• TASK DIRECTIONS:
Begin at the line containing "RAL 060 60 40" in the entries below and end at the line containing "Portrait Of Confident"; transcribe that range exactly and nothing outside it.

================================

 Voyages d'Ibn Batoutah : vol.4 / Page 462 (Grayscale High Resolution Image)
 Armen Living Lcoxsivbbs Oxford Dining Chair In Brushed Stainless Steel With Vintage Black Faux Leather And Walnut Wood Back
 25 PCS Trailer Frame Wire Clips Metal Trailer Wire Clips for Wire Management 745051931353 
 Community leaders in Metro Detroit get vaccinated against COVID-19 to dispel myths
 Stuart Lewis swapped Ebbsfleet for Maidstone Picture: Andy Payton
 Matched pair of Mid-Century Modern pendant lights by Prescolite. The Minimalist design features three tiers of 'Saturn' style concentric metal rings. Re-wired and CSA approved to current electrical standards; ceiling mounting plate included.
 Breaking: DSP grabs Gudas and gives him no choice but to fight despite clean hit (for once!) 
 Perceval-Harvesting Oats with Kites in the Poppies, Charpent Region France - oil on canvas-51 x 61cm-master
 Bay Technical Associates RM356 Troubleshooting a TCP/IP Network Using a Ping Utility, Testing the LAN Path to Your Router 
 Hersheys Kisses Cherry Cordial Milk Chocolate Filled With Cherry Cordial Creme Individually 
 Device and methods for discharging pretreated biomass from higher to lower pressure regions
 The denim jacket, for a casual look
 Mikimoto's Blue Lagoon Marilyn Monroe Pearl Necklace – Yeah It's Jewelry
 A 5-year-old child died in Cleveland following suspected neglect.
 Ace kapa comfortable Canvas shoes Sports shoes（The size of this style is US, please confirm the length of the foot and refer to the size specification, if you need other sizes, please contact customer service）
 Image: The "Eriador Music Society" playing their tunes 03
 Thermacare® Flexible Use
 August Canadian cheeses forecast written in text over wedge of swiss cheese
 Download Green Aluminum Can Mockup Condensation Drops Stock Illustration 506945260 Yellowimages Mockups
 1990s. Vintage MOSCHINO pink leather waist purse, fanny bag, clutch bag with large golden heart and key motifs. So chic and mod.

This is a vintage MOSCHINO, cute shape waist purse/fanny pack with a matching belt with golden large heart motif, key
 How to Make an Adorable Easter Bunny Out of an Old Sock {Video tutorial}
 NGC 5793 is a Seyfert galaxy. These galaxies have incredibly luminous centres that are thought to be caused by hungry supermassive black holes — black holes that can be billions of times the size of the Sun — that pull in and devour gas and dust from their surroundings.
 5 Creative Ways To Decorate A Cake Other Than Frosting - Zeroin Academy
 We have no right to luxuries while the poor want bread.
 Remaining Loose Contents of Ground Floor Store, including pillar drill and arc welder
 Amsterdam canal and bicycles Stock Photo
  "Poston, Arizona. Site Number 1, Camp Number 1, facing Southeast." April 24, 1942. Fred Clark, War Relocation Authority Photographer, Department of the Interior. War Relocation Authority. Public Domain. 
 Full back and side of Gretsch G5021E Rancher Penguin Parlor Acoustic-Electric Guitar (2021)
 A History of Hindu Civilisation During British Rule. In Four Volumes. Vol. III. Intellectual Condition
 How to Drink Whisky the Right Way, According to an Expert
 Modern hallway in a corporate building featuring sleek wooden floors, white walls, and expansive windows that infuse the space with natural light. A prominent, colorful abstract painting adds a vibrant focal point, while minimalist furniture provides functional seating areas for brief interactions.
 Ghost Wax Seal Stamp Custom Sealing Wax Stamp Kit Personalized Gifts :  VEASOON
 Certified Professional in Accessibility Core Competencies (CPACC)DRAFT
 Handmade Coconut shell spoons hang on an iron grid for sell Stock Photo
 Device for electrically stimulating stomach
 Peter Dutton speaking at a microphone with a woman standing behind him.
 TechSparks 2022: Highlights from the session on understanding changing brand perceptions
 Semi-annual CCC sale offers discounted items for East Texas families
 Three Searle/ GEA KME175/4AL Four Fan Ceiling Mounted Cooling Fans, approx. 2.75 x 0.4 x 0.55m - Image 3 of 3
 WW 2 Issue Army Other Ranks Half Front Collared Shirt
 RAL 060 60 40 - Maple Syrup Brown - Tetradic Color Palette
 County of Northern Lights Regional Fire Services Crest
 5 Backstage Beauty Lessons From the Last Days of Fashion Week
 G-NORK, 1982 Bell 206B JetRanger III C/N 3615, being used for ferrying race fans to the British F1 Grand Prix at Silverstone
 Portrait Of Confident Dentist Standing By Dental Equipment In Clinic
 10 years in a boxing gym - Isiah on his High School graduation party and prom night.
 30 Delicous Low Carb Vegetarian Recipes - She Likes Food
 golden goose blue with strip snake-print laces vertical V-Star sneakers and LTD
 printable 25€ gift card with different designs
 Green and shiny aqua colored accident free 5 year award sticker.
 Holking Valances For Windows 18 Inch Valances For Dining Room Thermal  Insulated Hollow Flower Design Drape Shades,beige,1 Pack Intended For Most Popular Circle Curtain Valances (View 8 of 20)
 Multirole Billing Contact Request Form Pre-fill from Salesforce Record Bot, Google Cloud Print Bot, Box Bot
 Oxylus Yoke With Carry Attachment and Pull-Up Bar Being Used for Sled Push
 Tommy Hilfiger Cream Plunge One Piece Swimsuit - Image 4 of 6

================================

• PROBLEM SOLUTION:
 RAL 060 60 40 - Maple Syrup Brown - Tetradic Color Palette
 County of Northern Lights Regional Fire Services Crest
 5 Backstage Beauty Lessons From the Last Days of Fashion Week
 G-NORK, 1982 Bell 206B JetRanger III C/N 3615, being used for ferrying race fans to the British F1 Grand Prix at Silverstone
 Portrait Of Confident Dentist Standing By Dental Equipment In Clinic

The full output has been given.